**ABOUT THIS EXERCISE:** Find the line holding "Bandera de Rusia" in the entries below. Give it again exactly, along with every line after it up to and including the line holding "Castle Starr Black Balloon Silk/Wool Skirt Castle".

**RECORDS FOR THE EXERCISE:**

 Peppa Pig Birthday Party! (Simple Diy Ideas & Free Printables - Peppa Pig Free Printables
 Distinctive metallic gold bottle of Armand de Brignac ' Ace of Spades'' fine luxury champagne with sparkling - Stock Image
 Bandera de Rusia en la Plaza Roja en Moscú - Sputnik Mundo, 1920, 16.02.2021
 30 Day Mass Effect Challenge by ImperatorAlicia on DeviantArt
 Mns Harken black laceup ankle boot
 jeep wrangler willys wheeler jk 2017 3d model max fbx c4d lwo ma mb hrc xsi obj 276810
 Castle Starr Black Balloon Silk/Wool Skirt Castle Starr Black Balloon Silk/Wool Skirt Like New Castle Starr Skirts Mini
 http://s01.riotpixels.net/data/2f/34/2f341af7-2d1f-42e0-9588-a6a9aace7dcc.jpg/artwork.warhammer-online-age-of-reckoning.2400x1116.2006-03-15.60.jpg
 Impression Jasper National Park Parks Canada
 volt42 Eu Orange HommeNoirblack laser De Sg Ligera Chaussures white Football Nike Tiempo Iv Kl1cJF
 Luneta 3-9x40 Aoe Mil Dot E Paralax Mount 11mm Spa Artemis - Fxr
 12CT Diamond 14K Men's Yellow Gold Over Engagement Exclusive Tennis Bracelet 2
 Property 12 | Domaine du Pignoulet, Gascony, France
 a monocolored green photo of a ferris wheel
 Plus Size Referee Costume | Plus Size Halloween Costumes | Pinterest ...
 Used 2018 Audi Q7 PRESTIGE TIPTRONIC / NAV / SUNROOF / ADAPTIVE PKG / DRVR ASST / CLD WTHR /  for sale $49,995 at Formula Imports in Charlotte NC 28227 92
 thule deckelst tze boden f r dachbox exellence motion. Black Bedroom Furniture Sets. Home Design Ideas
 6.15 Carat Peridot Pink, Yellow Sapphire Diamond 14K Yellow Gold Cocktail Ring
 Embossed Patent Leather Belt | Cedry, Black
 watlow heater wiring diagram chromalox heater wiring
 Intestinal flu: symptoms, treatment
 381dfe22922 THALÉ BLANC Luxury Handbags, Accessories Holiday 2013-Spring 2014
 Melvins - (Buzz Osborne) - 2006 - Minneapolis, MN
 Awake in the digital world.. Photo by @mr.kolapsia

**EXERCISE RESPONSE:**
 Bandera de Rusia en la Plaza Roja en Moscú - Sputnik Mundo, 1920, 16.02.2021
 30 Day Mass Effect Challenge by ImperatorAlicia on DeviantArt
 Mns Harken black laceup ankle boot
 jeep wrangler willys wheeler jk 2017 3d model max fbx c4d lwo ma mb hrc xsi obj 276810
 Castle Starr Black Balloon Silk/Wool Skirt Castle Starr Black Balloon Silk/Wool Skirt Like New Castle Starr Skirts Mini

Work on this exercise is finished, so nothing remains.